Repeat exactly, and only, the lines from the line bearing "Edward the Confessor, clad" through the end of the material. Do not copy the pictures.

Supplied information
•••

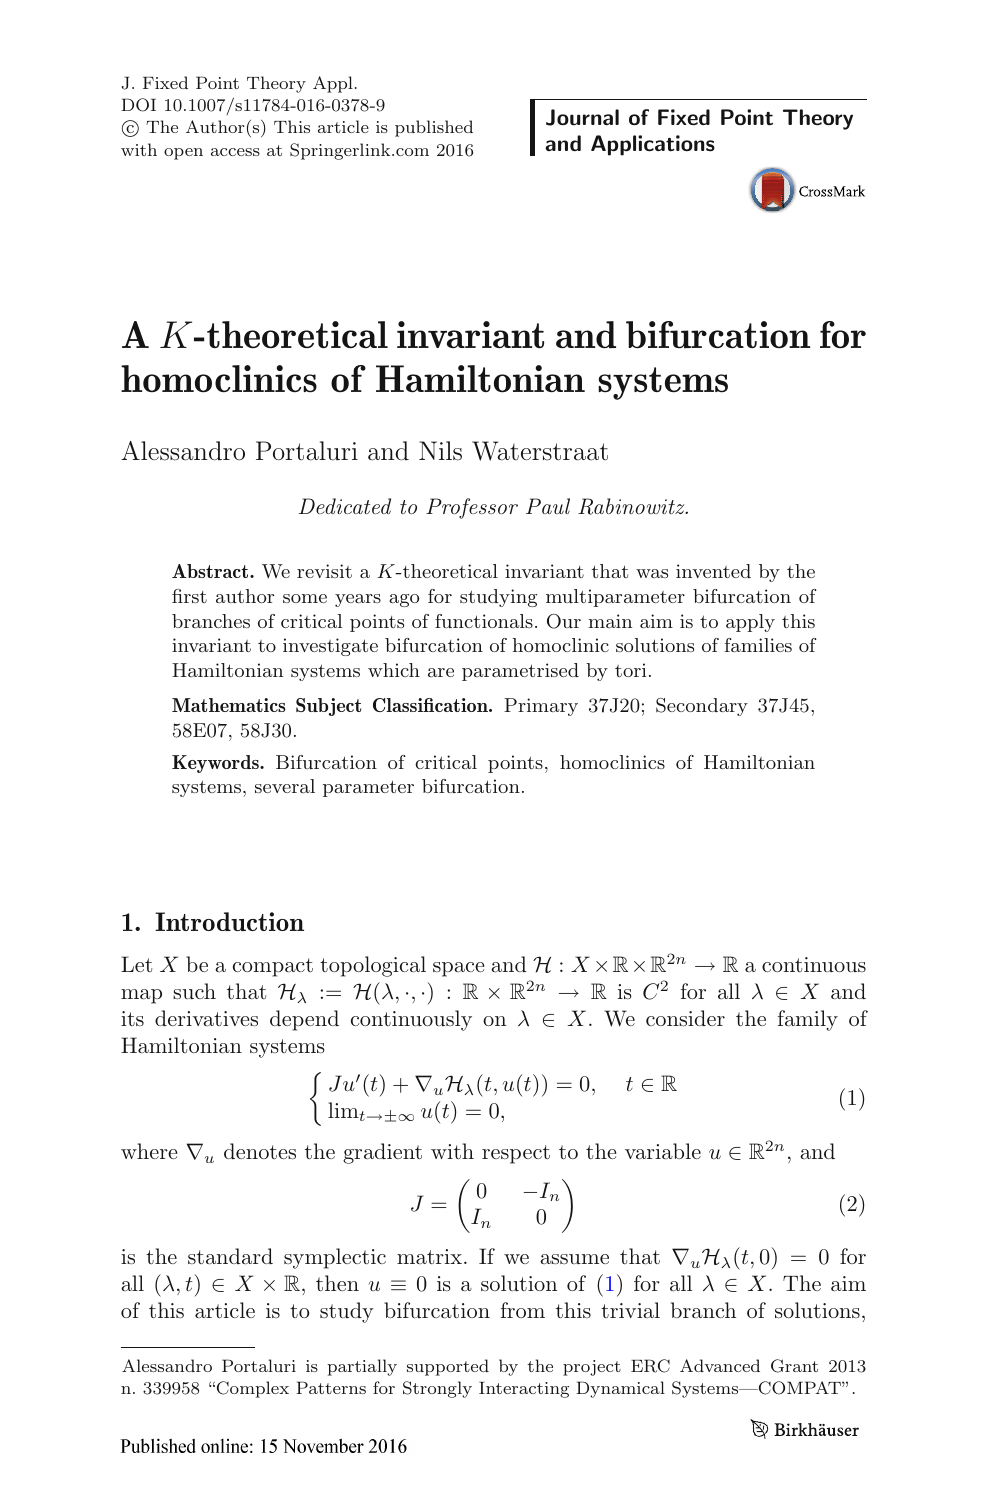 A K Theoretical Invariant And Bifurcation For Homoclinics Of Hamiltonian Systems Topic Of Research Paper In Mathematics Download Scholarly Article Pdf And Read For Free On Cyberleninka Open Science Hub
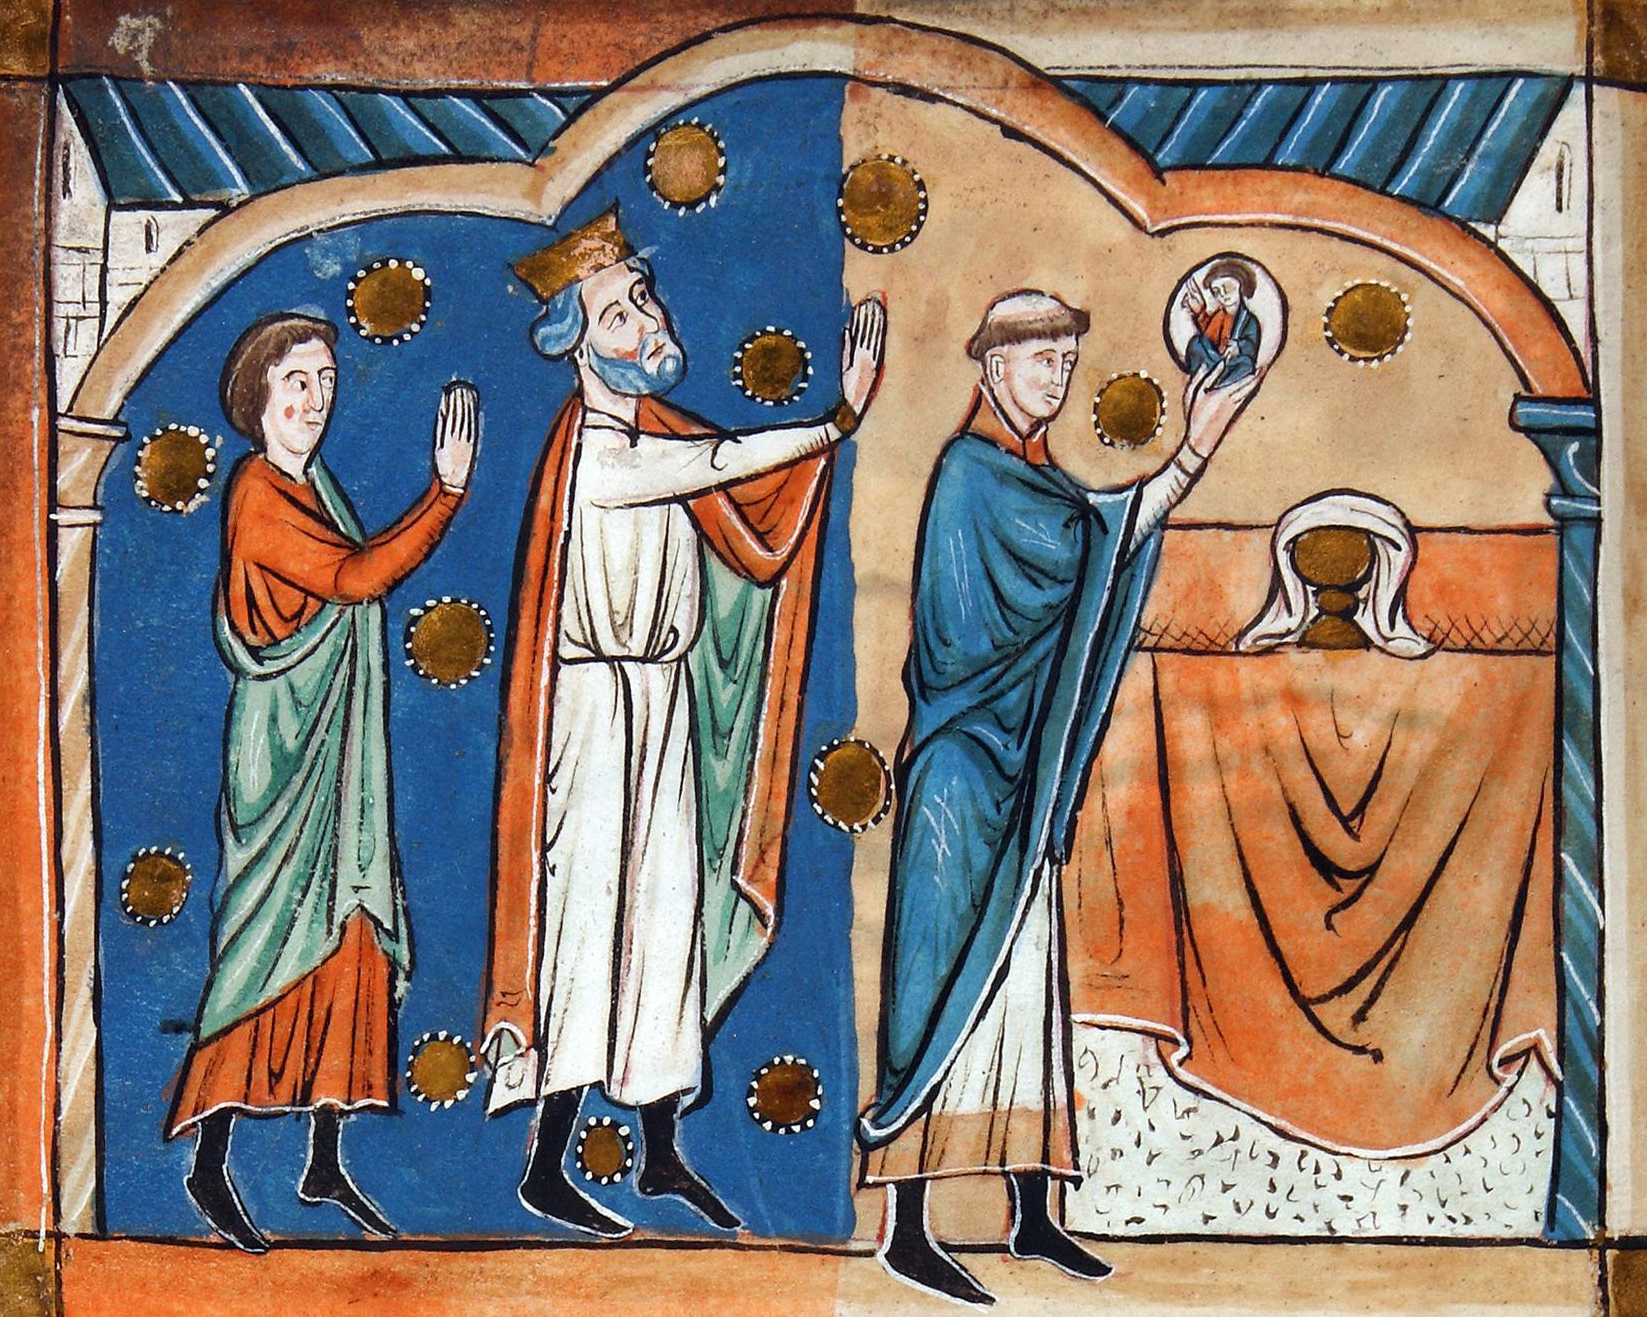 Edward the Confessor, clad in a white robe, stands with his hands in prayer next to a man with a shaved scalp who is holding an image of Christ.
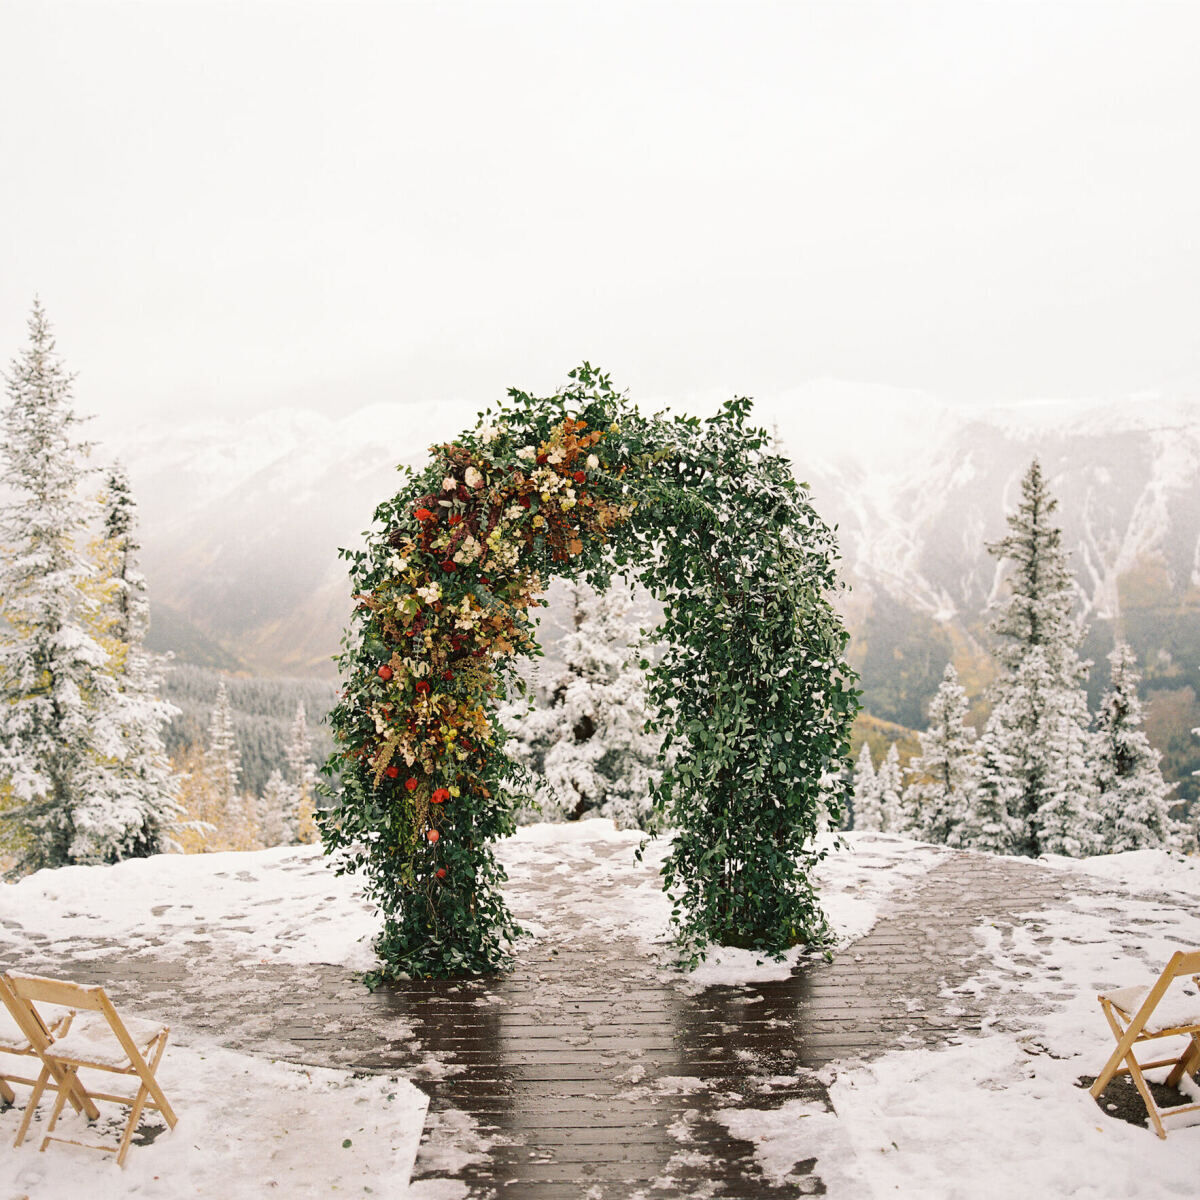 Holiday Wedding: An outdoor snowy wedding ceremony set-up with pine trees in the background. There's a wedding arch adorned with greenery and red florals.

•••

The completed task
 Edward the Confessor, clad in a white robe, stands with his hands in prayer next to a man with a shaved scalp who is holding an image of Christ.
 Holiday Wedding: An outdoor snowy wedding ceremony set-up with pine trees in the background. There's a wedding arch adorned with greenery and red florals.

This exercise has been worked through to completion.